Винтерспельт - Альфред Андерш
Шрифт:
Интервал:
Закладка:
Кэте верно угадала мысли Хайнштока, ибо в ответ на упрек, что она тем самым поставила под угрозу всю операцию, сказала:
— Ну, тебя-то это как раз бы устроило.
— Ты же никогда в нее не верил и продолжаешь считать ее бессмысленной, — сказала она.
— Разумеется, — ответил Хайншток. — Теперь-тем более. Теперь это вообще всего лишь эпизод, разыгрывающийся между двумя рехнувшимися офицерами. Все это антиисторично. Как марксист я не верю в подобные индивидуальные акции.
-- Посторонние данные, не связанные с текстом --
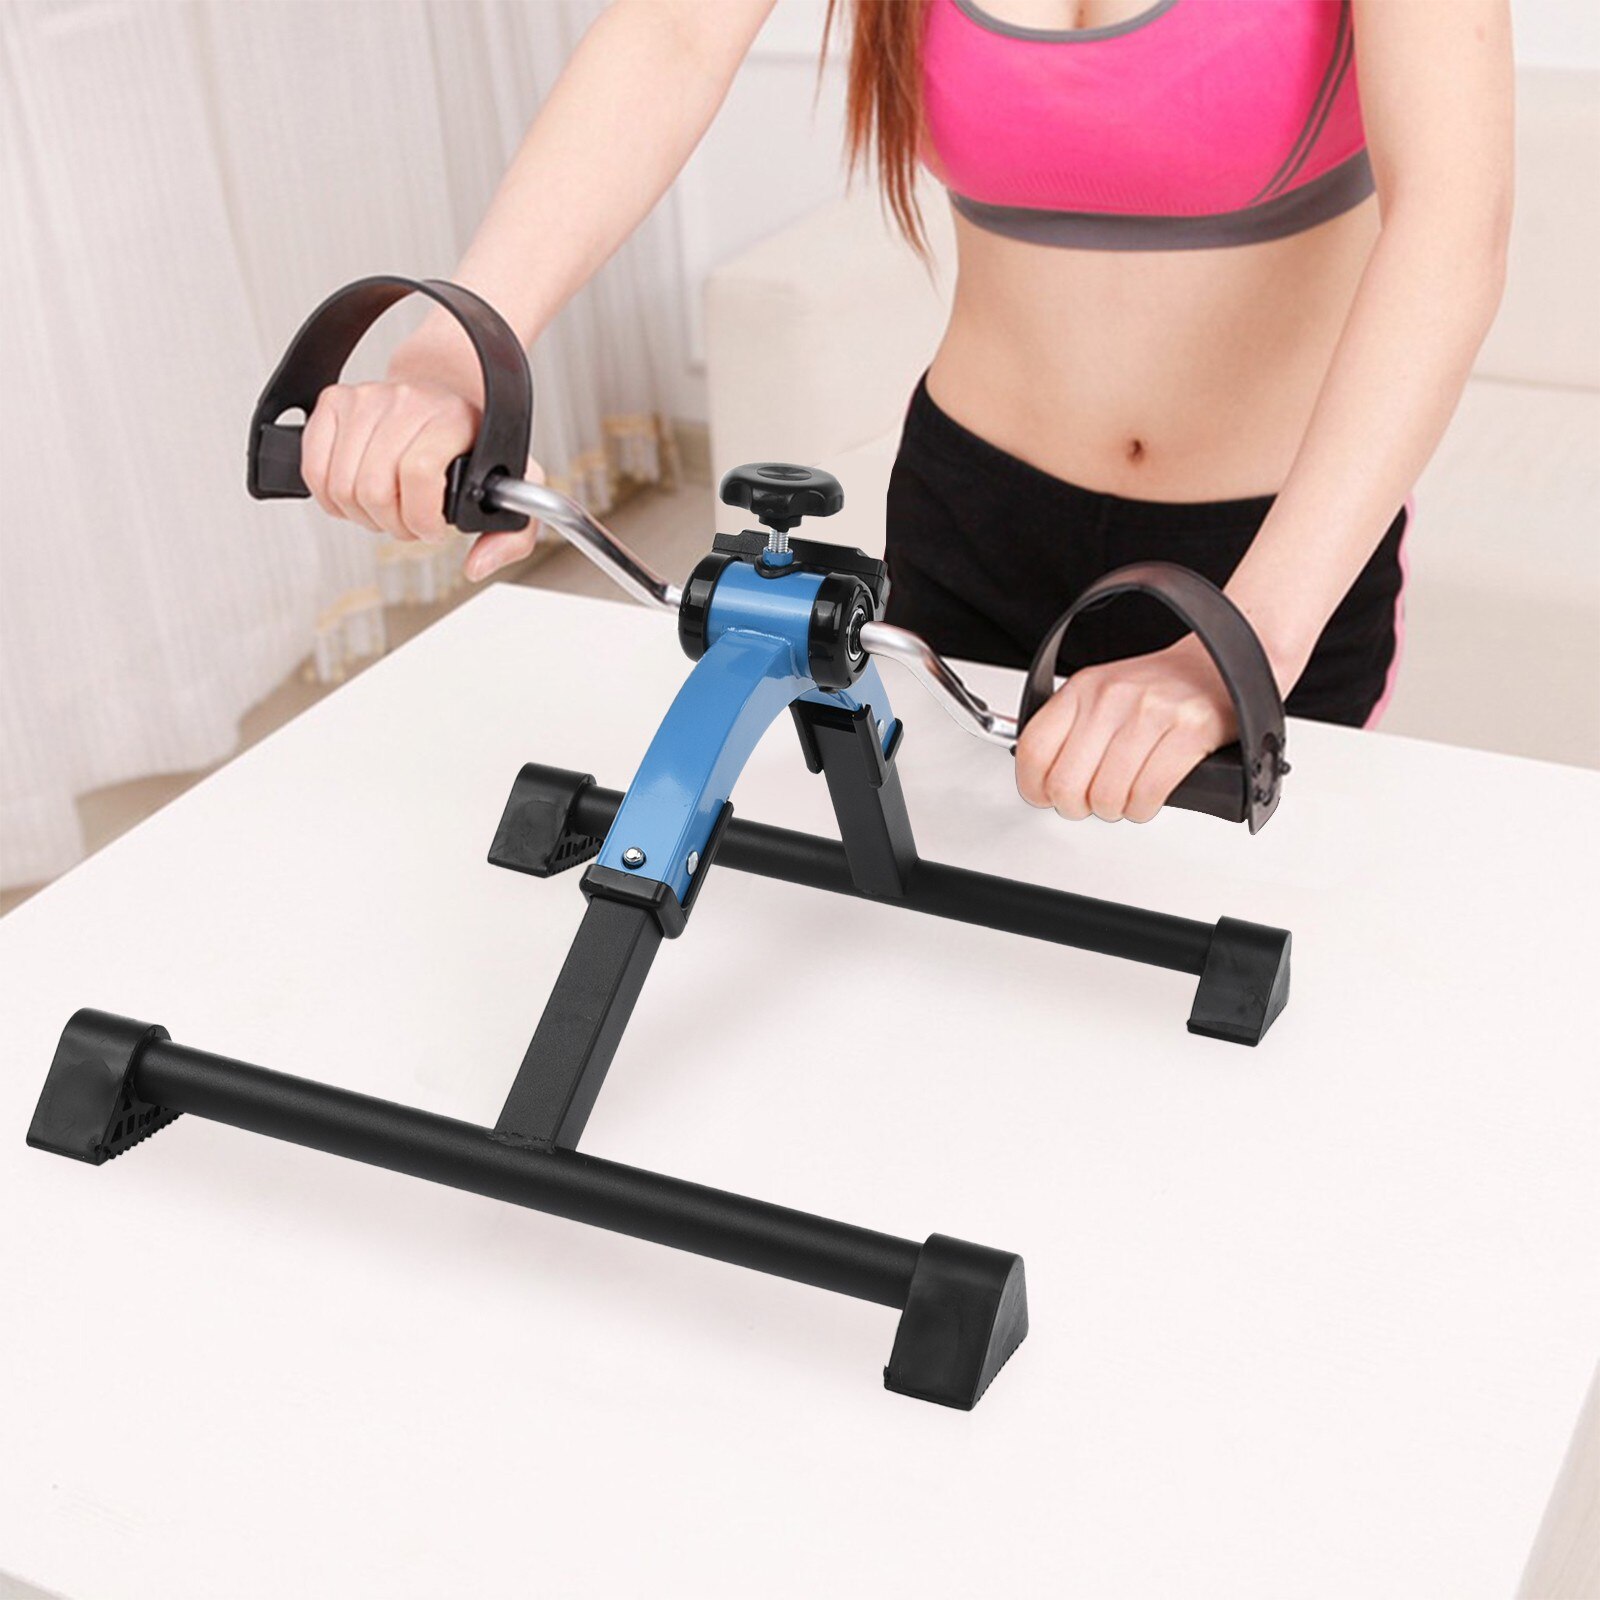 US STORE Unisex Mini Leg Fitness Equipment With Digital Device Multi Level Resistance Canexercise Muscle Mini Fitness Pedal

Она подавила желание ответить ему, хотя слова вертелись у нее на языке: что индивидуальная акция ей милее отсутствия акции. Аргумент этот, правда, был слишком на поверхности, чтобы не показаться сомнительным ей самой. И кроме того: если человек решил, как решила она, использовать ночь, когда пьеса майора Динклаге будет разыгрываться на сцене, чтобы исчезнуть за кулисами, то он не имел права рекомендовать другим какие-либо акции, индивидуальные или любые иные.
Сорок часов длилось одиночество Шефольда на хуторе Хеммерес, от вечерних сумерек во вторник до десяти часов утра сегодняшнего дня, четверга, когда он покинул хутор; оно прервалось только визитом Кимброу в среду утром, как раз когда Шефольд собрался пойти в Маспельт, чтобы сообщить американцу, что Динклаге потребовал встречи на следующий день, и спросить, что он об этом думает. После разговора с Кимброу Шефольд уже не пошел к Хайнштоку, а остался в Хеммересе, читал, готовил еду, думал, мечтал. Пожалуй, среда 11 октября была самым прекрасным из этих прекрасных октябрьских дней 1944 года; бывают такие осенние дни, когда для людей, которым нечего делать, кроме как ждать, весь мир одевается в золотые и голубые тона.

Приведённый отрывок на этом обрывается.